The assembly method of the present invention has the following advantages since the floating roof is assembled by the procedure described above.

First, because the floating roof is divided into several parts using the block construction method, assembly work can be done rationally and efficiently.

Second, since each divided block is connected and assembled on the liquid surface, the work is easy, unlike a simple block construction method.

That is, in the case of an underground tank like the embodiment, according to the conventional construction method, the floating roof member must be suspended up to the top of the tank bottom plate. Normal capacity is 100,000Kl
In the case of a large tank such as this one, the depth of the tank is more than 20 meters, so the work of hoisting the parts is a huge undertaking.

In this respect, in the method of the present invention, since the work is performed on the surface of the liquid in the tank, it is much easier to assemble the entire tank as well as to suspend it.

Thirdly, in the process of bringing in and connecting each unit floating block, the parts that have already been connected are rotated on the liquid surface, so the loading position of the next block is fixed, that is, the working position is limited. The overall work is efficient.

In particular, since the turning movement is performed above the liquid surface, it can be easily performed without requiring excessive effort.

Fourthly, at the same time that the work place is limited to a certain level,
Since the assembled part is rotated and moved toward the center of the tank, the floating roof itself is automatically set at the center of the tank body at the time of final work.

Therefore, as explained at the beginning, compared to the method of setting up a special assembly yard and moving the assembled floating roof from there into the tank, the entire assembly work can be carried out more rationally. This will also greatly contribute to reducing construction costs.

As described above, this assembly method is superior to conventional assembly methods in terms of work efficiency, safety, and economy, and is extremely suitable as a floating roof assembly method for large tanks.
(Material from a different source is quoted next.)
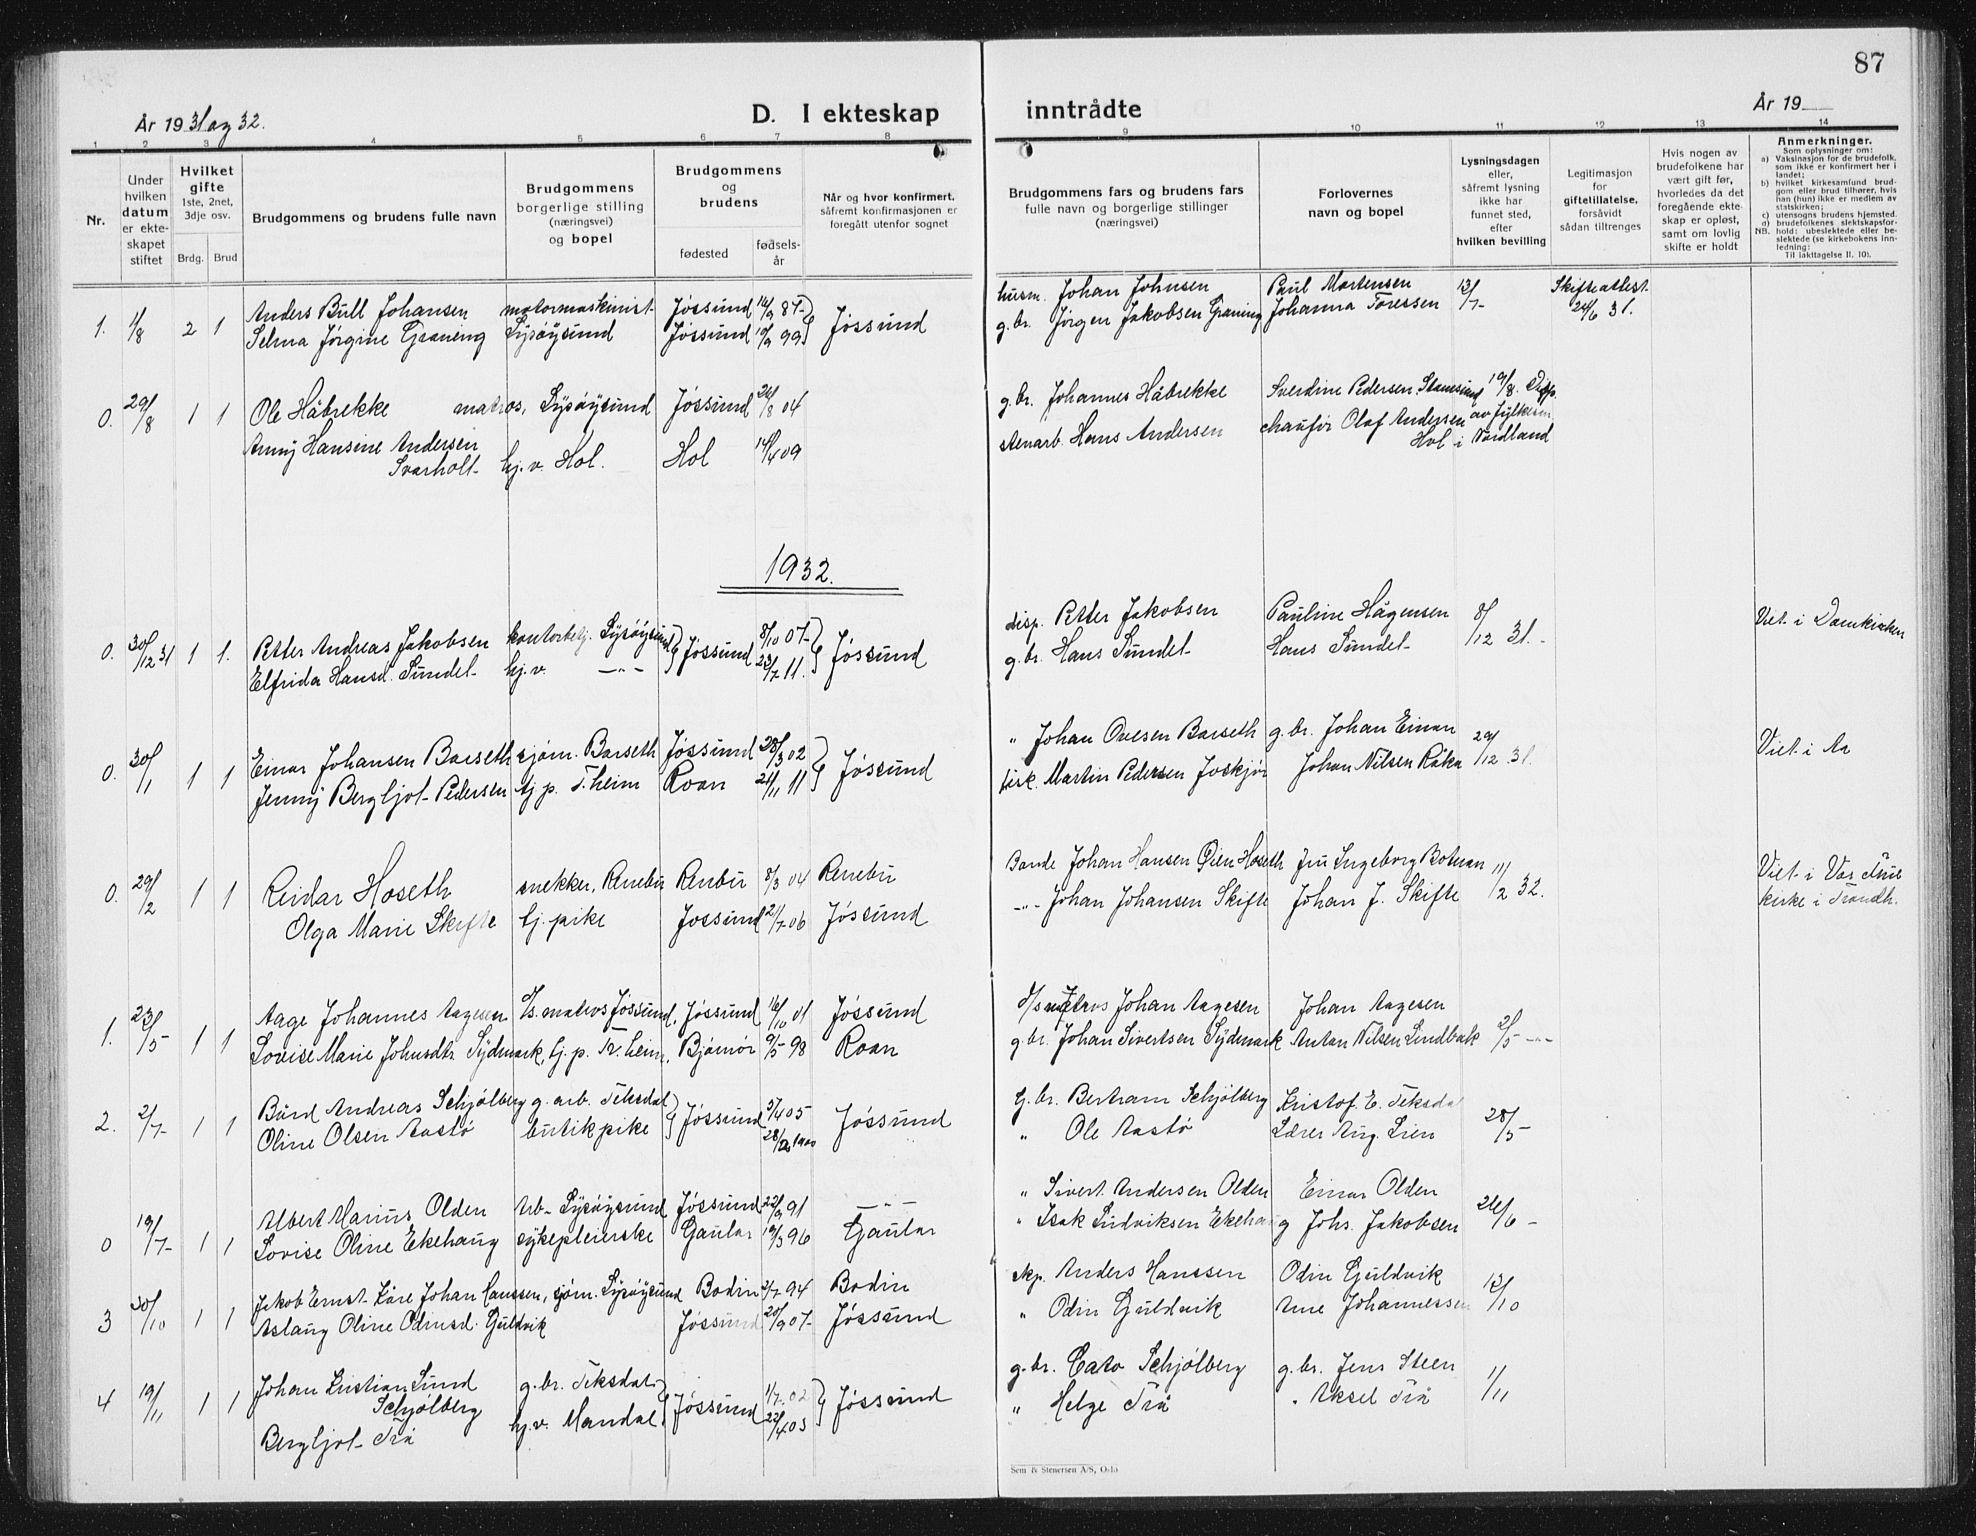 SAT, Ministerialprotokoller, klokkerbøker og fødselsregistre - Sør-Trøndelag, 654/L0667: Klokkerbok nr. 654C03, 1924-1939, s. 87

[Brief explanation of the drawing]

FIG. 1 is a vertical cross-sectional view showing an example of a conventional assembly method;
Figure 2 is a longitudinal cross-sectional view of an underground tank with a floating roof to which this assembly method is applied, Figure 3 is a plan view of the floating roof, and Figure 4 is a crane for transporting each floating block in this assembly method. 5th side view showing the arrangement of
The figure is a plan view, FIGS. 6 and 7 are plan views showing the assembly process of each floating block, FIG. 8 is a side view of FIG. 7, and FIG. 9 is an example of the connection structure of each floating block. FIG. 1...Tank body, 2...Yard, 11...Center floating block, 12...Unit floating block, 13...Winch, 14...Wire, 15
...Flange, R...Floating roof, T...Tank peripheral wall, S...Floating roof sealing device, C...Crane.

Claims (1)

[Claims] 1 Fill the tank body with water, float a circular center floating block corresponding to the center of the floating roof on the liquid level, and place an appropriate number of segment-shaped unit floating blocks around the center floating block. The center floating block is connected to a concentric ring body, and the center floating block and an appropriate number of concentric unit floating blocks connected to the ring body are connected to each other to form a floating roof of the required diameter on the liquid level in the tank. A method for assembling a floating roof in a large floating roof tank, characterized in that the floating roof is assembled at the top of the tank.